Will I be ordering a veg box from now on? No, 'fraid not. I still prefer to go to the shops and see what's looking good rather than have a pre-selected box imposed on me and still reckon it's cheaper to buy fruit and veg direct. But if I was veggie, had kids at home and/or was working (as in going out to work rather than working from home) then I might. Which I suppose is a result for Abel & Cole.

Friday 26 December 2008

Turkey leftovers

There is a large half-eaten turkey sitting in the shower. Why? Because it won't fit in the fridge, the kitchen is too warm and anywhere else my daughter's visiting cat would get at it. (It has already half-demolished our landlord's pot plant - the cat, not the turkey, obviously) The health police would of course be appalled but we didn't finish eating till 10 o'clock last night so there was nothing else to be done.

Today will be devoted to ensuring it doesn't go to waste or that we don't get driven mad by endless turkey meals. My usual strategy is to have it cold for lunch on Boxing day (By far the best meal of Christmas IMO) then to prepare little parcels of white and brown meat for other uses and make stock with the carcass.

My youngest son particularly likes the brown meat fried up till crispy with the leftover turkey gravy so that takes care of some of that. I usually make a rich turkey and mushroom lasagne or a korma like the chicken one I cooked on You and Yours the other day but if I can find some tarragon I may try and make the splendid jellied terrine in the book which comes from a food writer friend of mine, Andrea Leeman.

The stock makes terrific soup but is so rich it tends to overwhelm more delicate vegetables. I like it for a chestnut soup (I do have a few leftover chestnuts, happily) or a dark mushroom soup or risotto. It's good with lentils too.

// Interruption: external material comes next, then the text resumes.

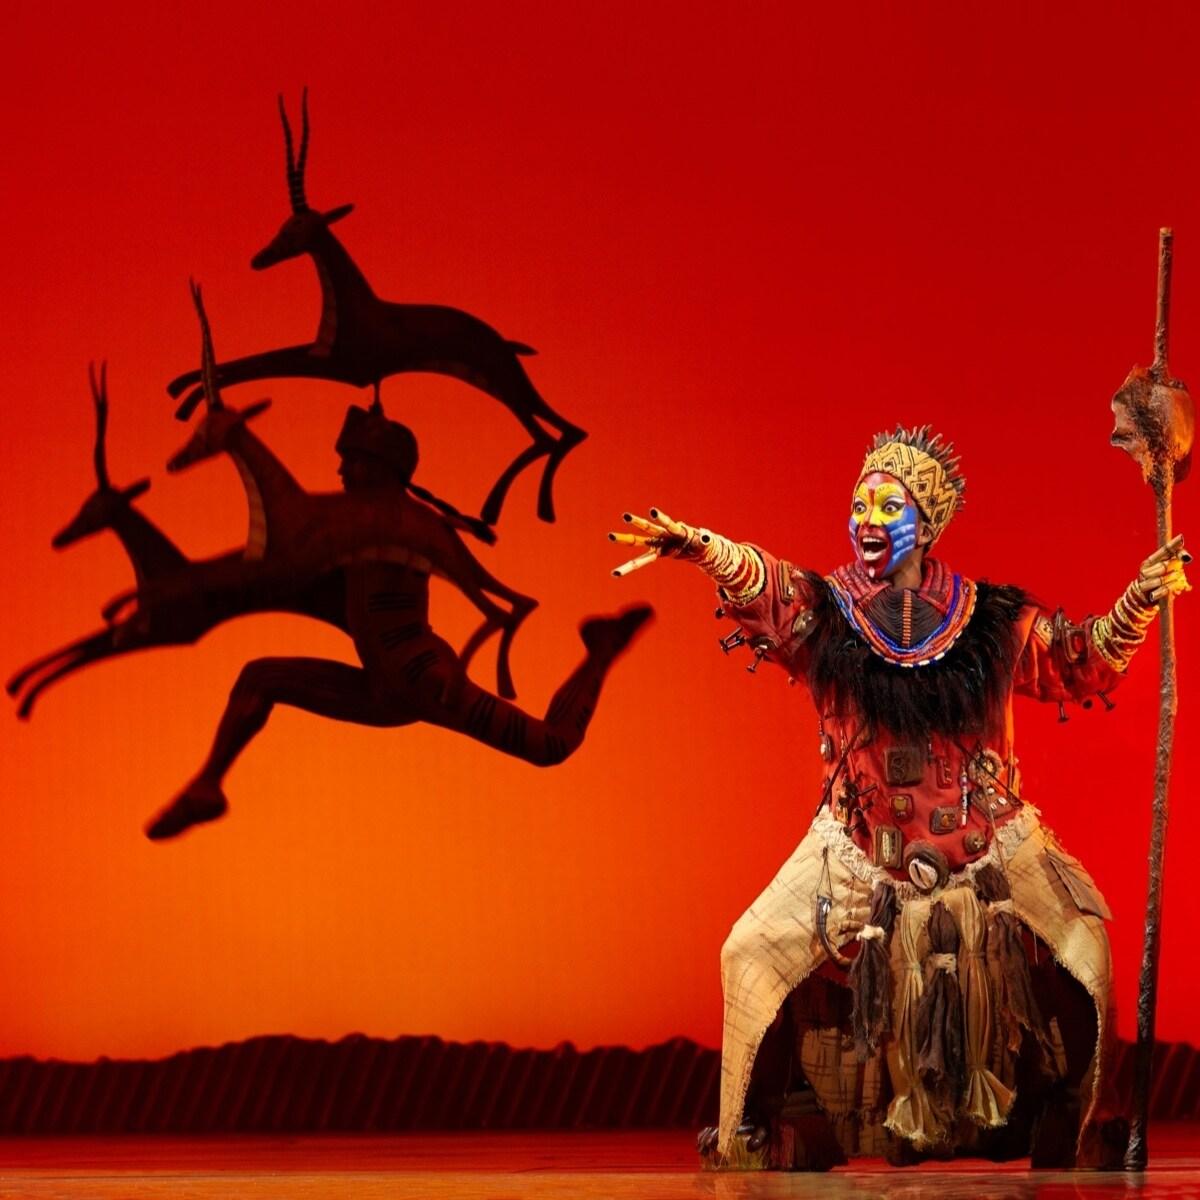 Rafiki cantando en el escenario sobre un fondo rojo con siluetas de gacelas

Incidentally I managed - yet again - to buy a larger turkey than we needed, largely because the butcher had run out of smaller birds by the time I got round to ordering one. (Memo to self, order earlier next year). We usually stretch the turkey anyway by serving plenty of sausages as well as the stuffing so there really is no need for an outsize bird.

I did however manage NOT to buy a Christmas cake (my daughter made a chocolate one which has already been scoffed) or any dates, figs, nuts or excessive quantities of cheese or twice as many sprouts as we needed so the cost of Christmas is well down. And you know what? We didn't miss any of them.

How did your Christmas go? Any bright ideas for the leftovers?

Tuesday 23 December 2008

Don't panic!

With just over 24 hours to Christmas Day and even less till the shops close I have just two words to say to you. Don't panic!

Even if you have to nip out to fetch a few last minute ingredients like fresh bread or milk don't feel you have to sweep up everything else that's on offer in your wake.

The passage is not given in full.